Nearly 2 year old suddenly getting up and down from the table at dinner time!(9 Posts)
It's driving me mad! Will it just stop eventually or should I be 'doing' something about it. I really don't want meal times to be stressful but do want good manners. I know she's too young really BUT...perhaps she isn't. I think she's distracted and wants to play. I usually say she can get down if she's finished and she hops down and then starts asking to watch a DVD / get me to play with her so I say that I will after dinner etc. She will always come back to sit down 3 or 4 times to eat some more. Today after all the malarky and she had seemingly finished, I put some of her dinner in a small bowl and gave it to her on the sofa and then she ate it, so she's obviously still hungry.
What do you think?
I have no advice but my DS (2.3) is exactly the same - ever since we took him out of his booster seat and let him sit on a proper chair which was about when he turned 2.
Tbh, we just carry on eating our meal and let him get up and down - although I never give him the food to eat elsewhere - he knows it is the table or not at all.

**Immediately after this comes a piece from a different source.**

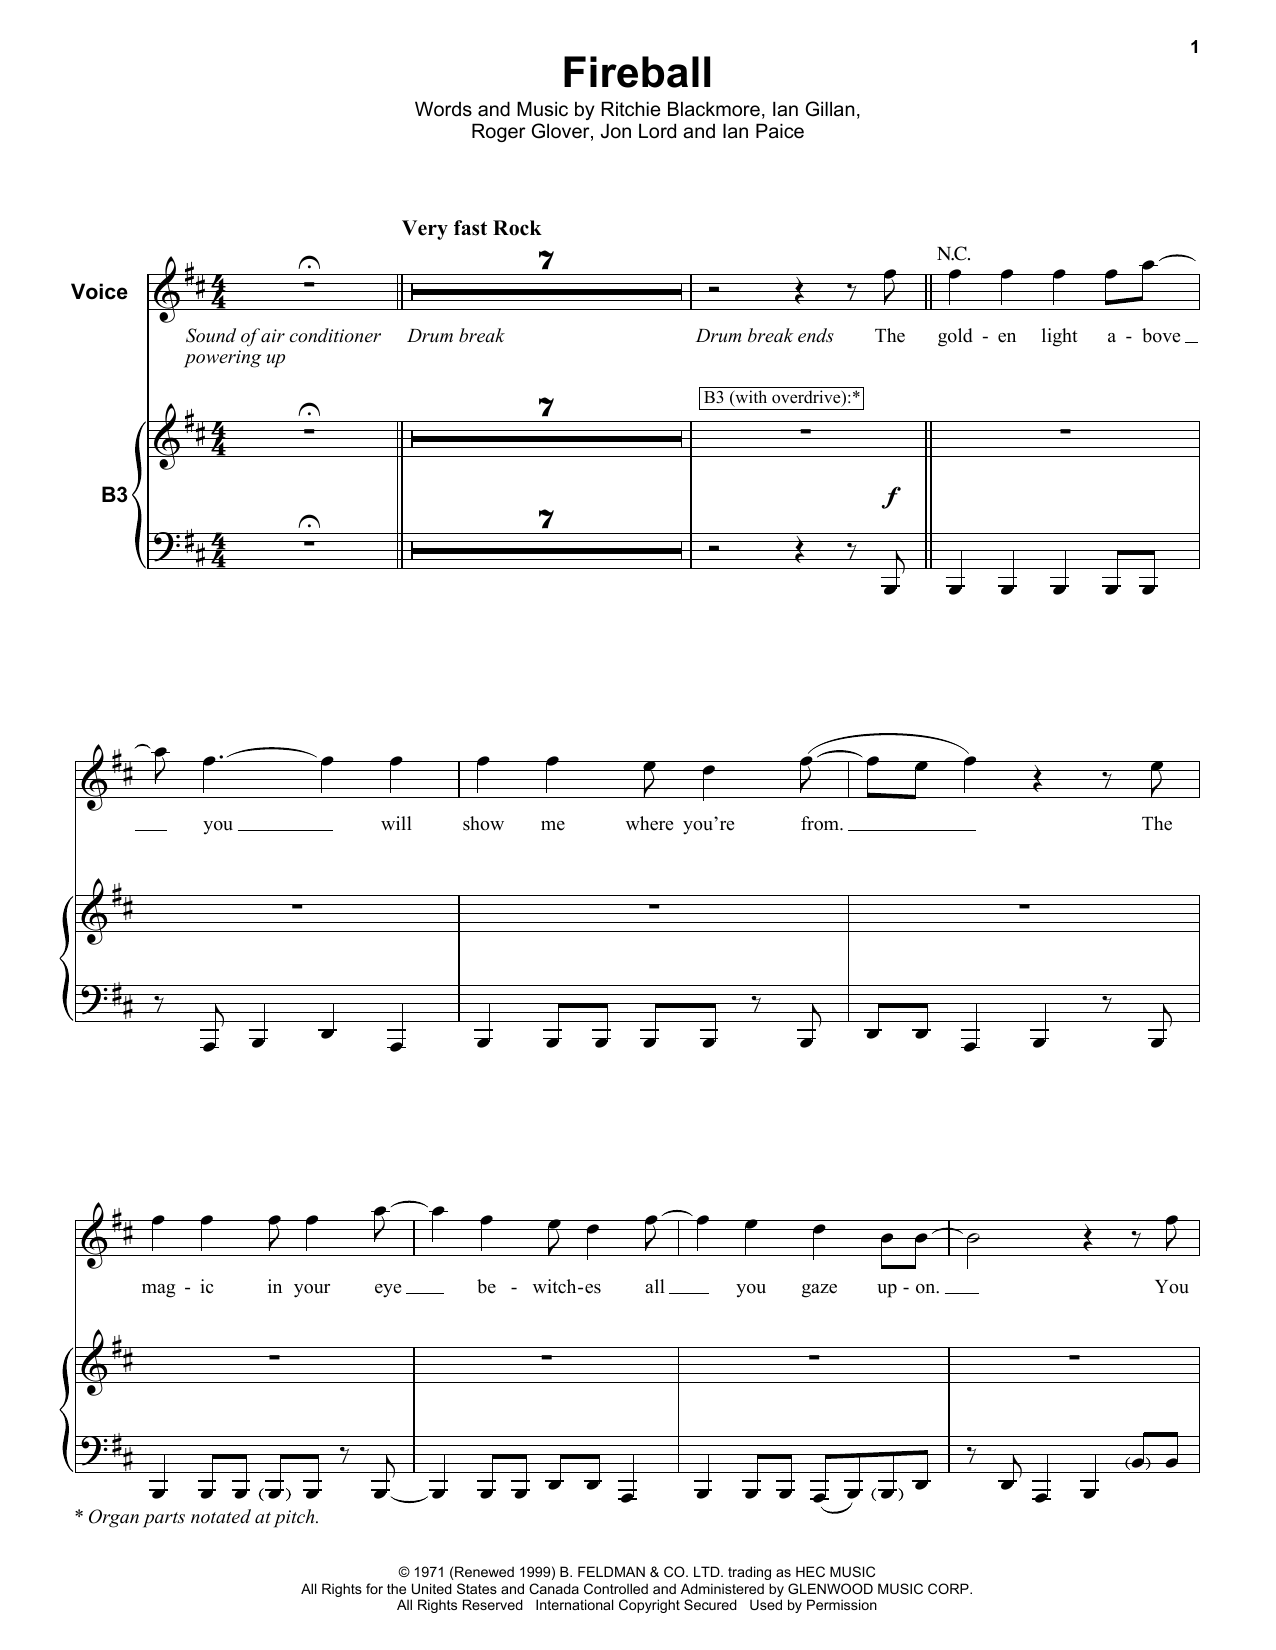 Deep Purple Fireball Sheet Music Notes & Chords for Guitar Tab (Single Guitar) - Download or Print PDF

Unfortunately, as he is apparently able to exist of fresh air, he usually opts for the 'not at all' option
Am hoping thinking it is just a phase.........

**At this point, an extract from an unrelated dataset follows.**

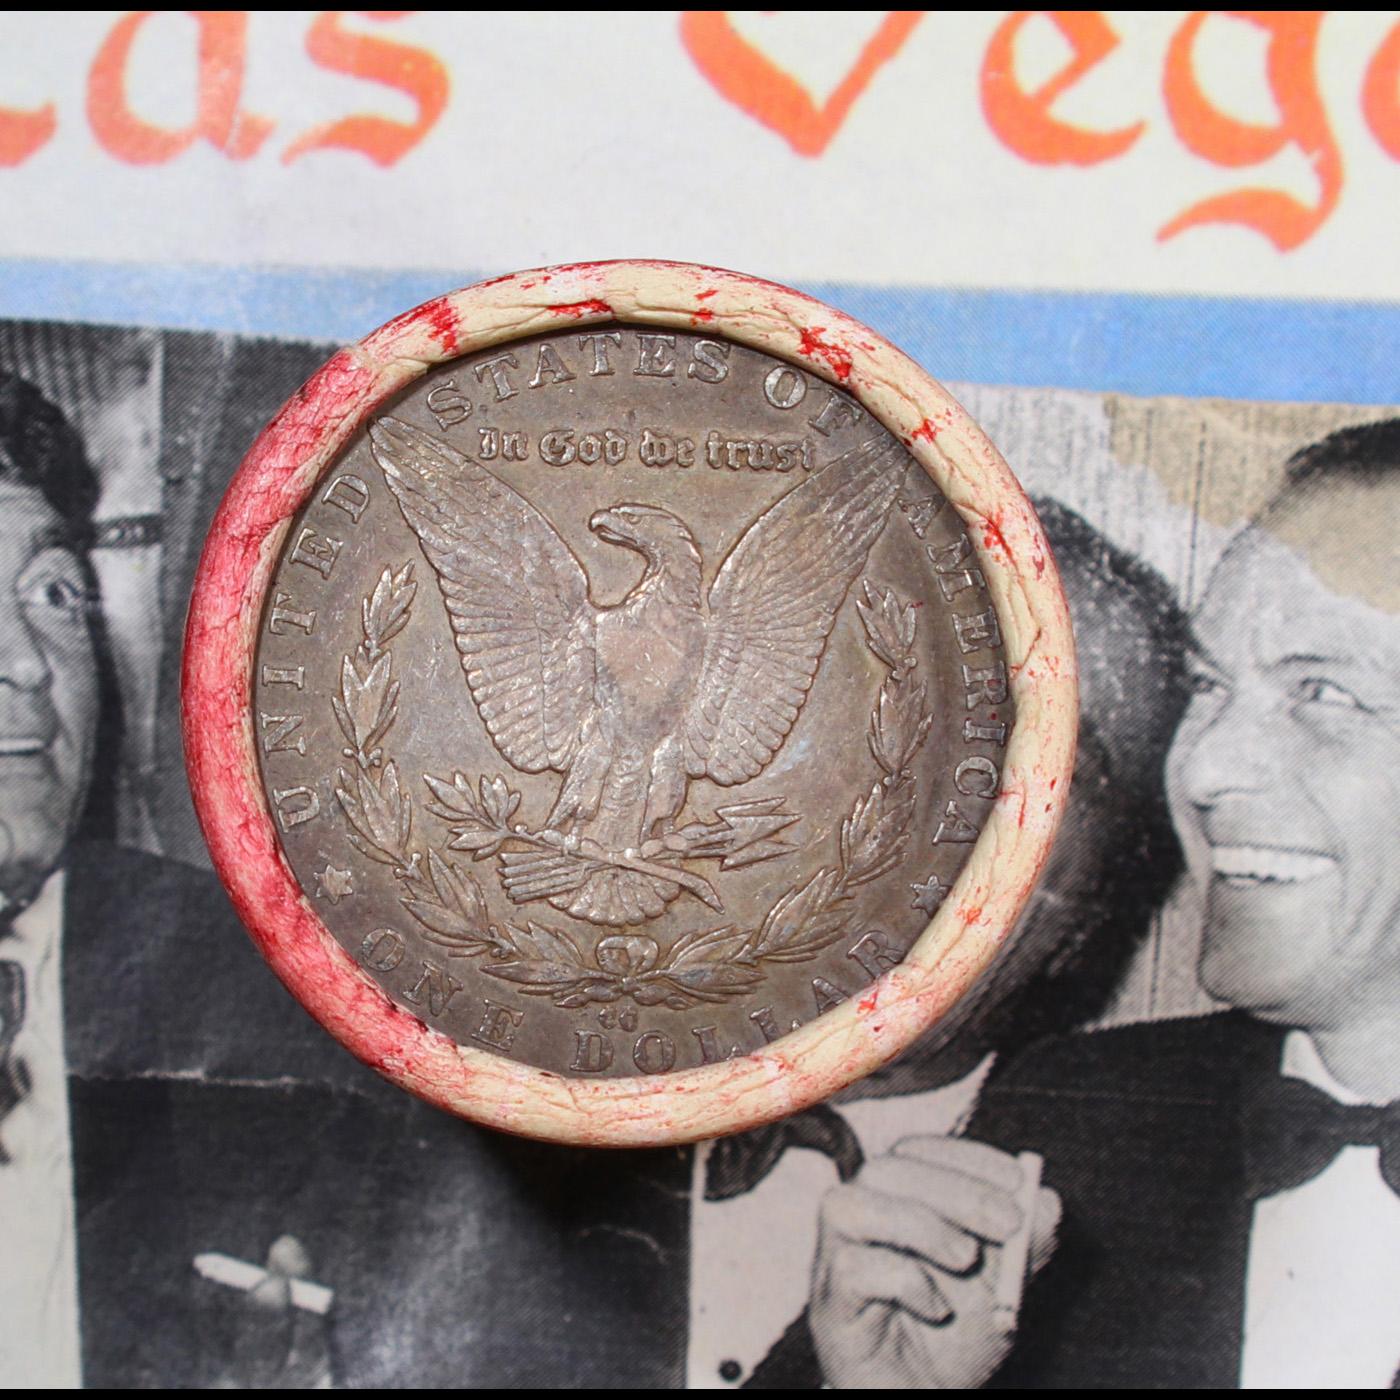 ***Auction Highlight*** Full Morgan/Peace Casino Las Vegas Horseshoe silver $1 roll $20, 1927 & 'cc'

Will watch this thread though to see if anyone has any advice!
Think you just have to relax about it.
2 years is young to sit through whole meal, some children will but, most find it hard.
I'd ebforce some controllable rules, like no tv during dinner for eg but if she wants to get down, she could ask and then play quietly until ready to come back.

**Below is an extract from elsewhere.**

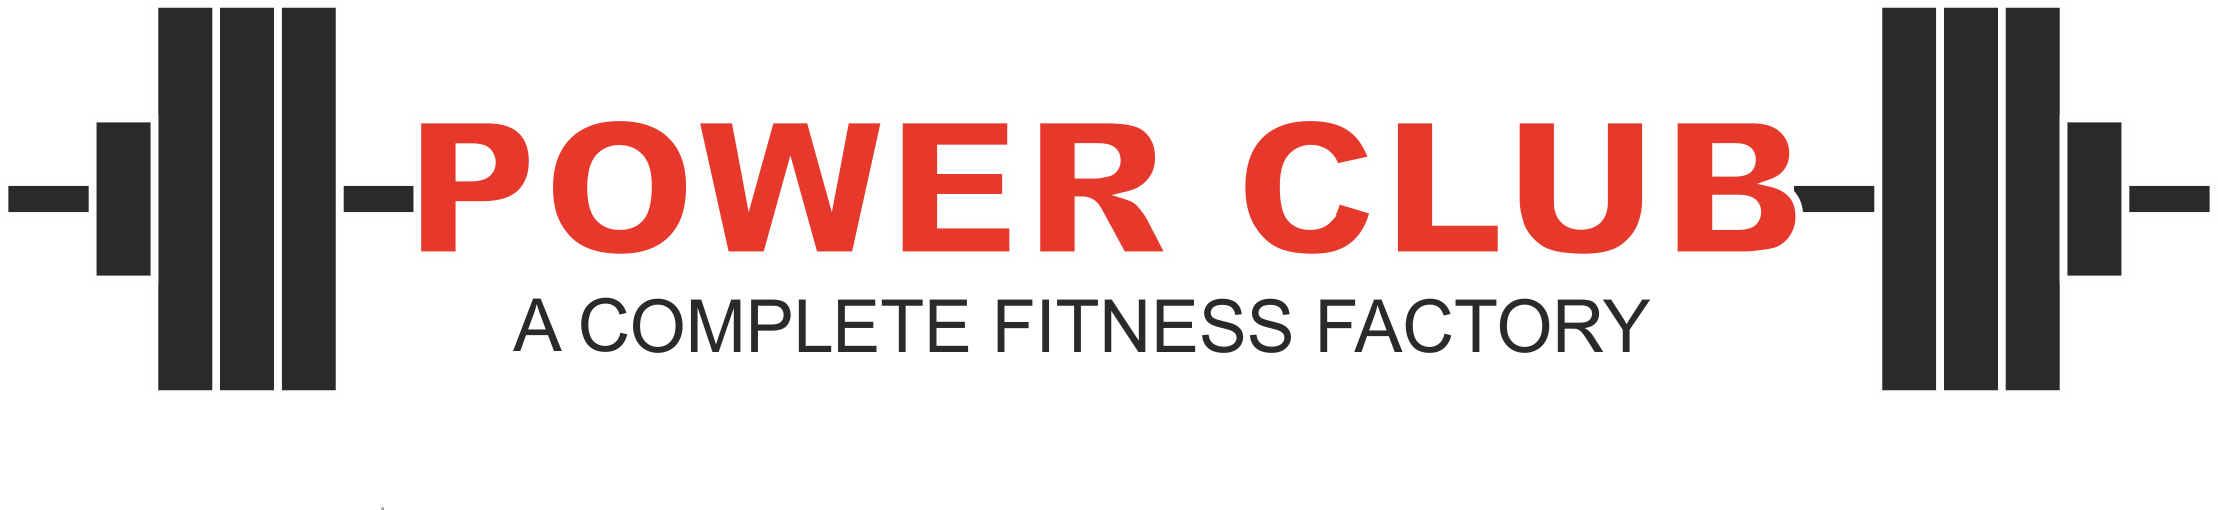 POWER CLUB - Logo

Key for me is - it IS mealtime so everyone else wants to be able to enjoy meal and chat to each other, if she wants to join in then great if not then she can be polite about it, but not forced to stay.
(my ds (2) is the same, but asks "me, down, please?" first. softens the annoyance!)
Slur has reminded me of something - we always have the TV switched off when we are eating.
defo too young, mine is 5 and does this.
i give him targets,ie eat 10 fork fulls and then you can get down.
he has soemthing to focus on, and counts with us it kinda works mostly.
but telly goes off at meal times, and we sit at the table.
soemtimes we read Topsy & Tim while eating, this keeps him at the table too.
choose your battles is my advice.
Oh, it will take a few years of stress before those of us who want them get the type of oldfashioned mealtime we deserve. Just try to make sure that the stress is not felt too much by her, try to suffer in silence.
Two is probably a bit young anyway- the approach of previous posters sounds good.
By the time they are school age I would be firmer (after all, they can't run around during school dinners).
But I have to tell you that it's only since ds turned 8 that mealtimes have finally developed into those relaxed happy family occasions some of us remember from our early years. Have to say it's definitely worth it though. Just try not to stress too much before you get there.
Thanks everyone. She used to sit down until she was full, until about 2 weeks ago, which is where my confusion has come from.
The other thing is that at nursery they all sit until they've finished, so if they can get her to do it, why can't I?
I am also wondering if it has stemmed from me doing 'carpet breakfasts' twice a week (to make my life easier in terms of getting it altogether and clearing it up afterwards) - perhaps I need to get back to all meals being at the table again?
lol they can get them to do almost anything at nurseries!
I once arrived to find about 16 children ranged from 12m-2year olds sitting ever so neatly next to each and passing round a plate of snacks to each other, having only taken one.
I think they drug them.
That is so true Slur - I could never get dd to eat or sleep like they do at nursery. They must bribe them with chocolate.
Dd is 3 and I don't try very hard to keep her at the table. I don't see the point TBH. She knows there are different rules in different places. We have somewhat lost the plot with the 'only eat in the kitchen' rule too.